Alex pounces from the ground, flashes across the office in a frenzied warrior instinct, speeds his fist into his father’s skull, Dad’s electric eyes glitch and shatter in their sockets, shards of his glass pierce into Alex’s clenched fist but he strikes again and again, breaking Dad’s nose in two, snapping apart his sternum, crushing his collarbone into dust, claws into his throat, but just before he can rip away his father’s windpipe, a small white drone perched on the ceiling hums and strobes and pulses with loud blue light.

Her systems seize up under the blue light. Her mind freezes, body turns to stone. The drone’s alien data pumps through her, pausing her thoughts, cooling her brain down. Her instincts reset as her Dad gasps for air and chuckles wildly on the floor.

“Yes, Alex! Excellent!” He gargles out between broken teeth. “Strike with purpose!”

“Oh my God.” She comes to her senses as the drone’s blue light fades. She stays horribly still over Dad’s writhing body, all bloodied and trembling, scans his face, realizes the damage she’s done. “OH FUCK. Oh fuck, Oh God. I . . . I didn’t mean to—”

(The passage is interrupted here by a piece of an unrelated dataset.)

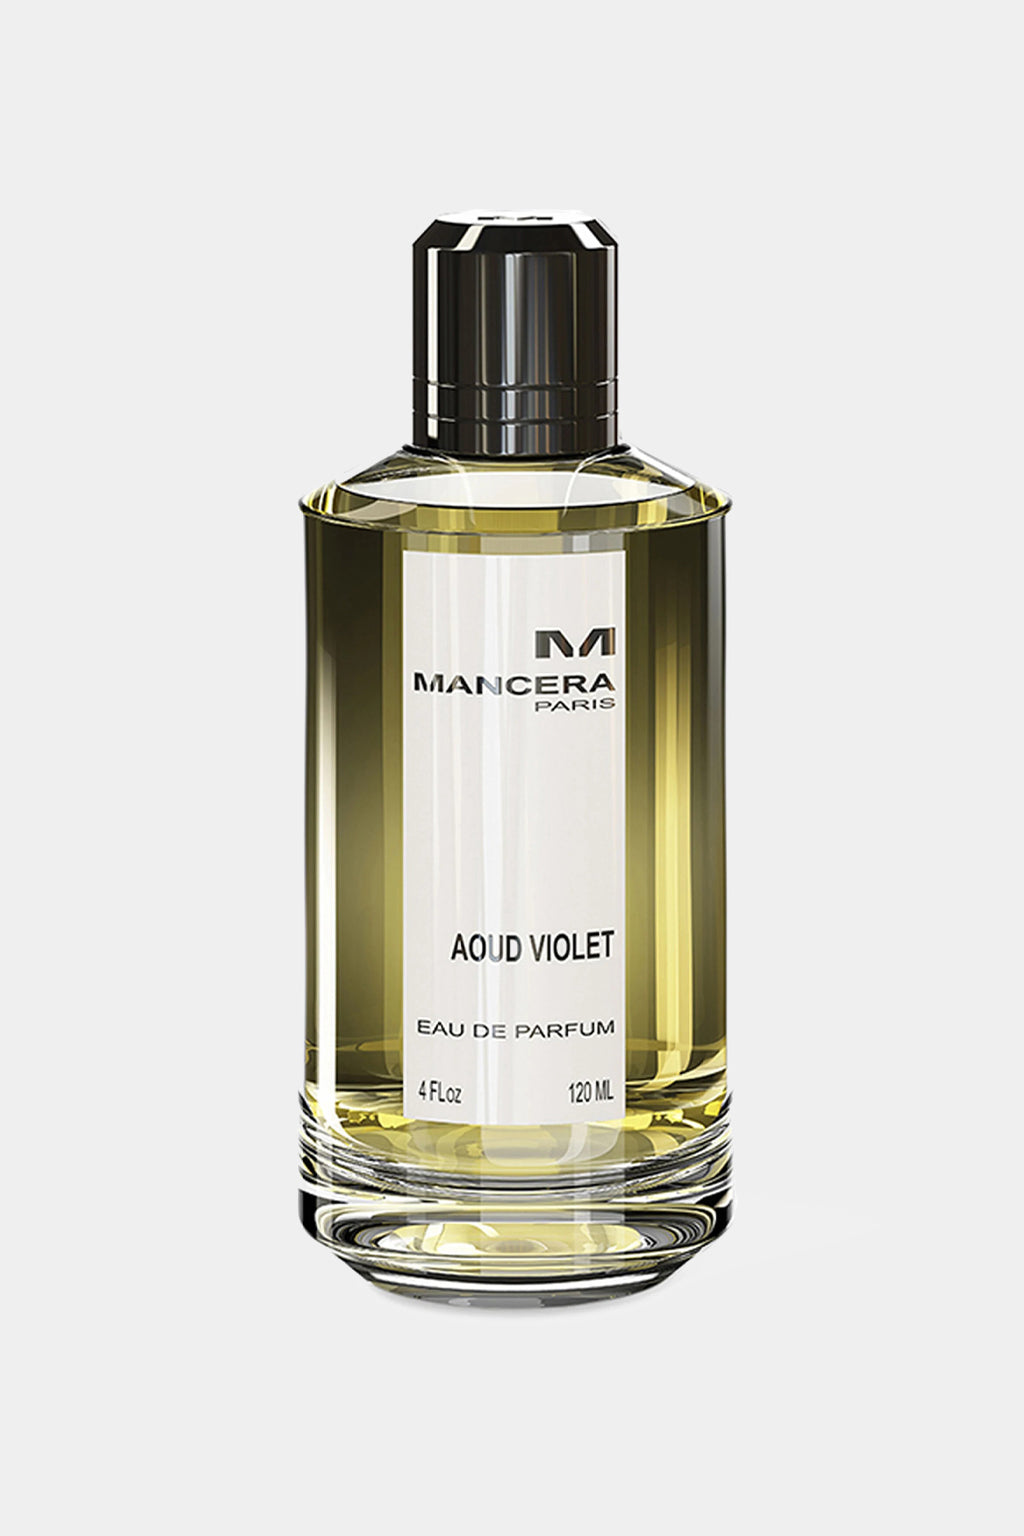 Mancera - Aoud Violet Eau de Parfum

“Beautiful!” He coughs and sputters blood and phlegm, grins and glows with twisted pride, gazes at her fondly as he wipes the pulp away from his shattered eye. “Truly beautiful! I haven’t gotten a beating like that in ages! A+!”

“I . . . Am I in trouble?!”

Dad roars with crazed laughter. “In trouble for what? Doing exactly what I told you to do?” Blood pours from the holes in his skull as he groans and cracks and smiles, struggling to sit upright.

“Oh fuck,” Alex turns away from the bleeding horror. “I’m sorry, I’m so so sorry. Are you going to be okay?”

“Don’t be sorry!” He spits a loose tooth onto the pristine white floor. “Med guys will be here soon. I’ll be all patched up by end of day.”

“Are you . . . are you sure?”

He pats her hard on the back. She rattles in shock. “You did a wonderful job here today, Alex. I couldn’t be more proud.”

“I . . . I did?” She sheepishly scans up and down his smashed face, his busted lip, his bloodied shoulders. “Thanks? I guess?”

“You need a hug?” Dad stretches his shoulders out. Alex nervously hugs the air around his bloodstained white sweatshirt. He squeezes her in close.

“We’re gonna need to get you a better sparring partner!” Dad cackles. “I’m gettin’ too old to be your punching bag.”